I heard this sort of argument from Paul Christiano.
It’s not clear, for example, how it applies to models with more recurrent processing, or to models which can perform more of the relevant instrumental reasoning in parallel with other serial processing that helps with optimizing-for-reward-on-the-episode, or to model’s with a form of “memory” that allows them to avoid having to re-decide to engage in training-gaming on every forward pass.
Thanks to Paul Christiano for discussion here.
I think this sense of conjunctiveness has a few different components:
Part of it is about whether the model really has relevantly long-term and ambitious goals despite the way it was shaped in training.
Part of it is about whether there is a good enough story about why getting reward on the episode is a good instrumental strategy for pursuing those goals (e.g., doubts about the goal-guarding hypothesis, the model’s prospects for empowerment later, etc).
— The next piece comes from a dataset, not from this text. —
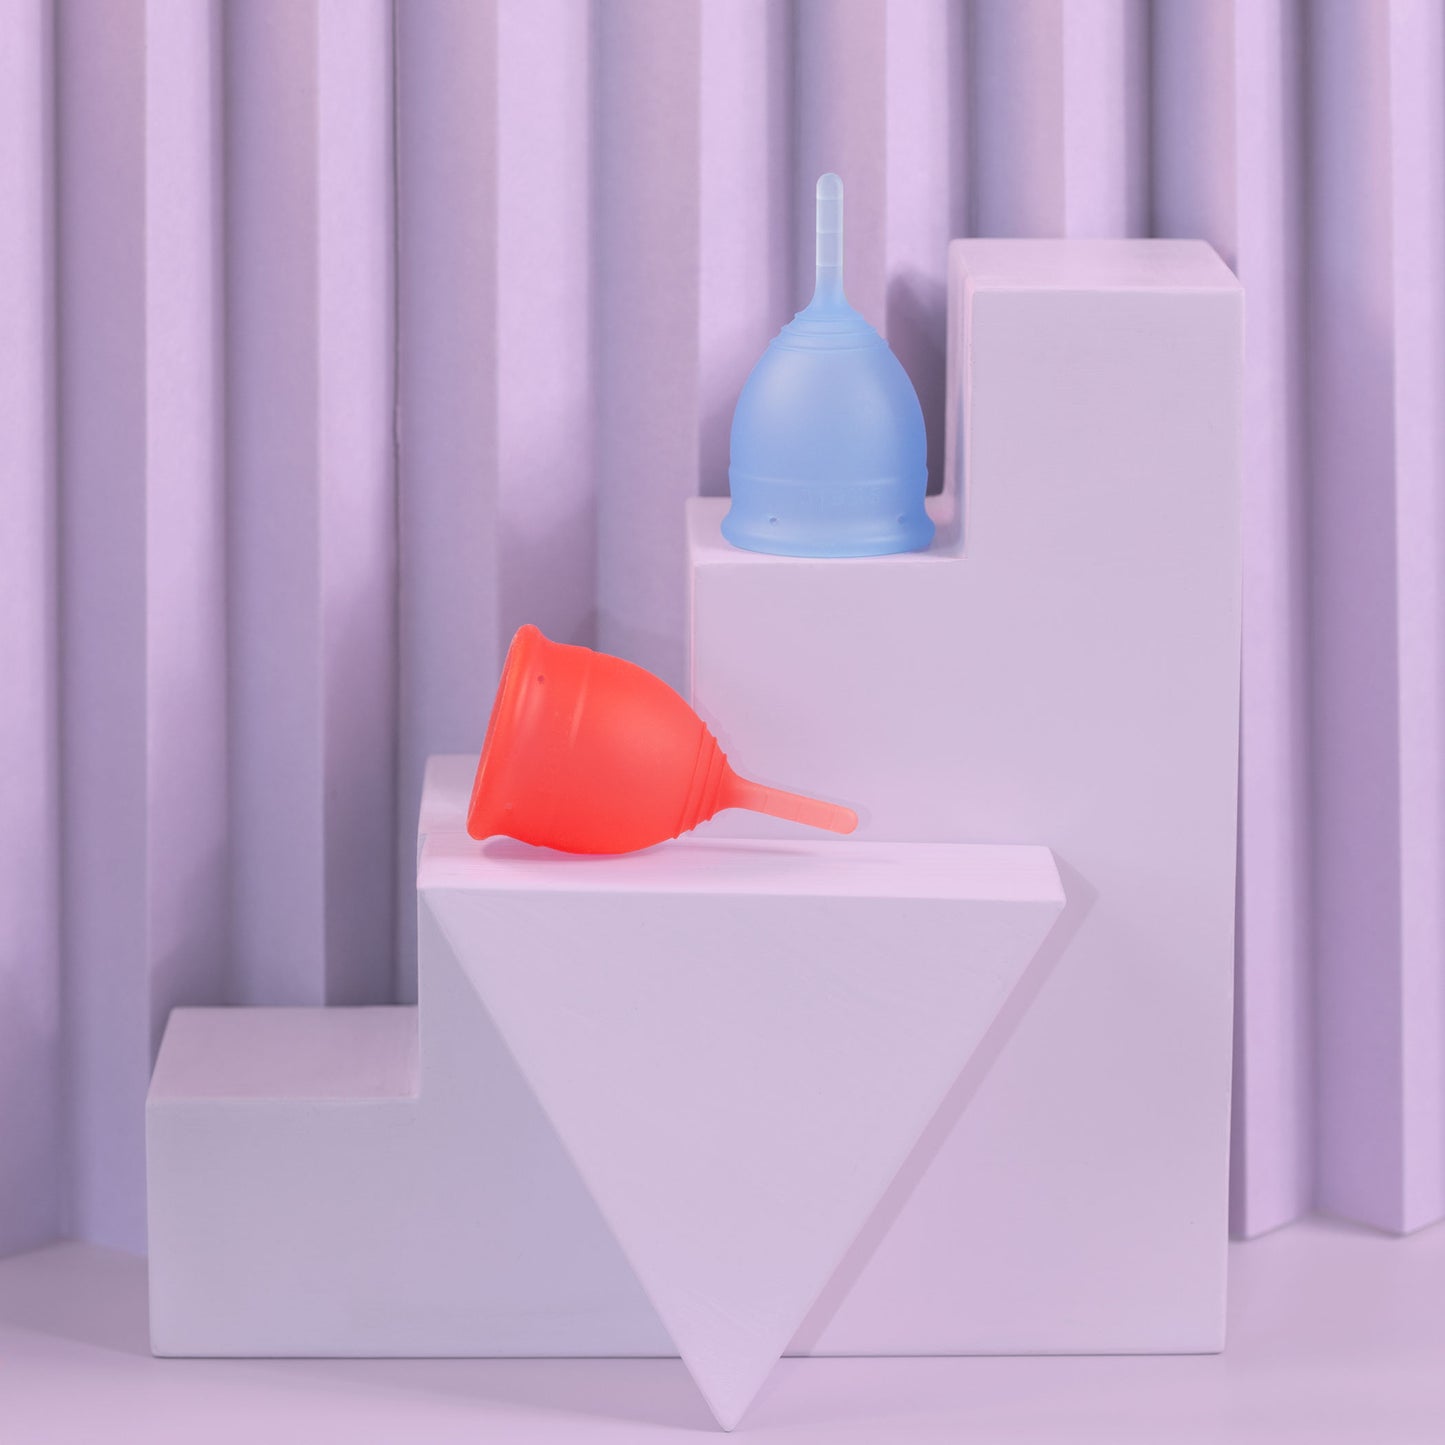 Saalt menstrual cups in size smalls blue and pink on steps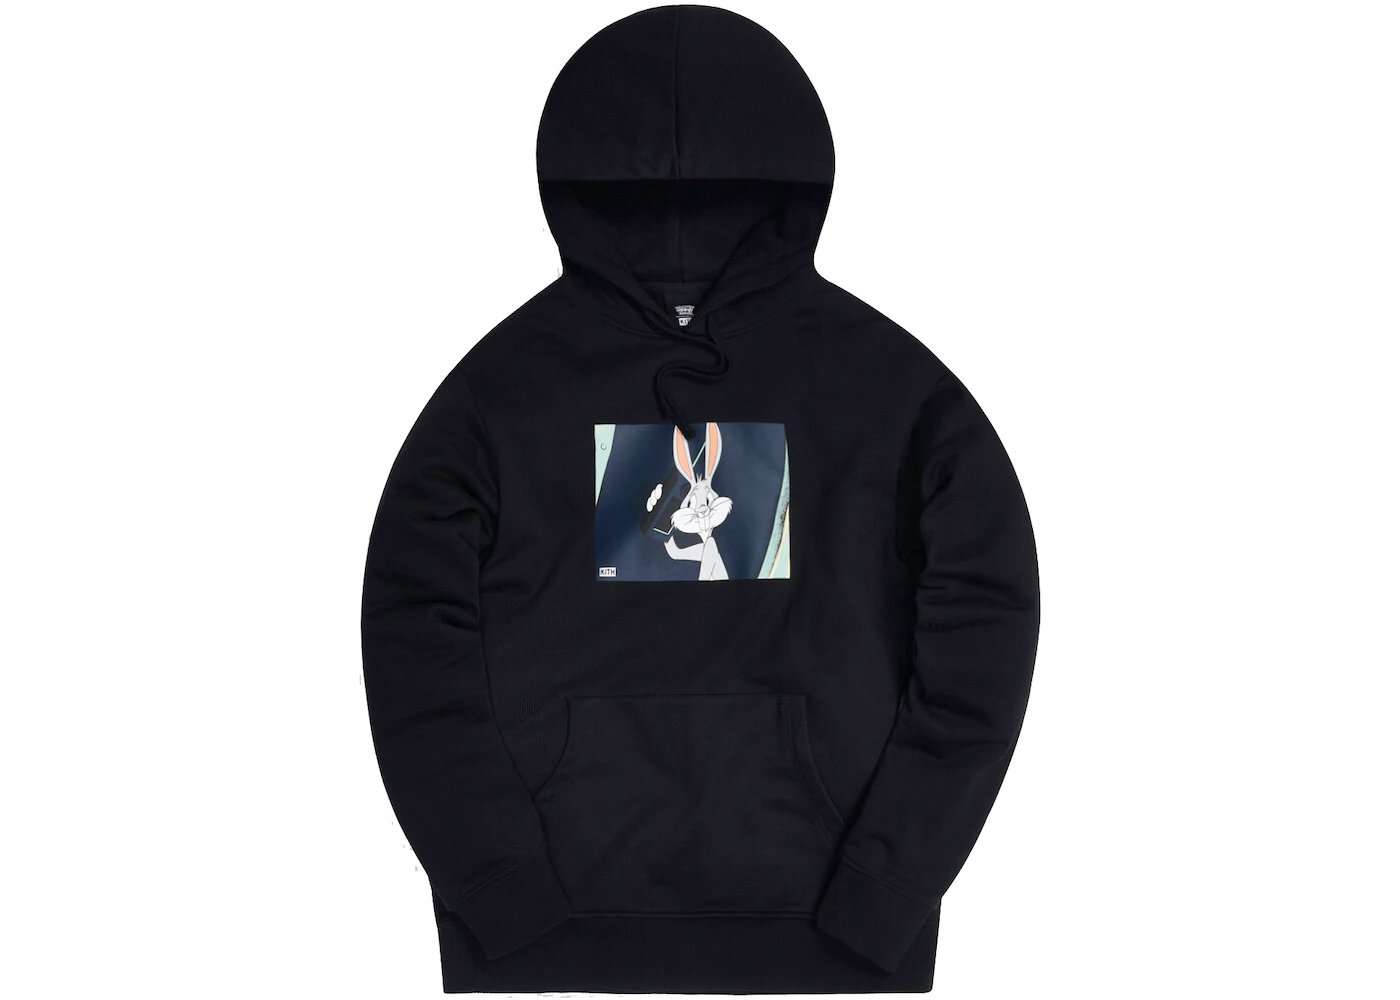 Kith x Looney Tunes What's Up Doc Hoodie Black Men's - SS20 - US

Part of it is that a schemer-like diagnosis also brings in additional conjuncts – for example, that the model is situationally aware and coherently goal-directed. (When I really try to bring to mind that this model knows what is going on and is coherently pursuing some goal/set of goals in the sort of way that gives rise to strategic instrumental reasoning, then the possibility that it’s at least partly a schemer seems more plausible.)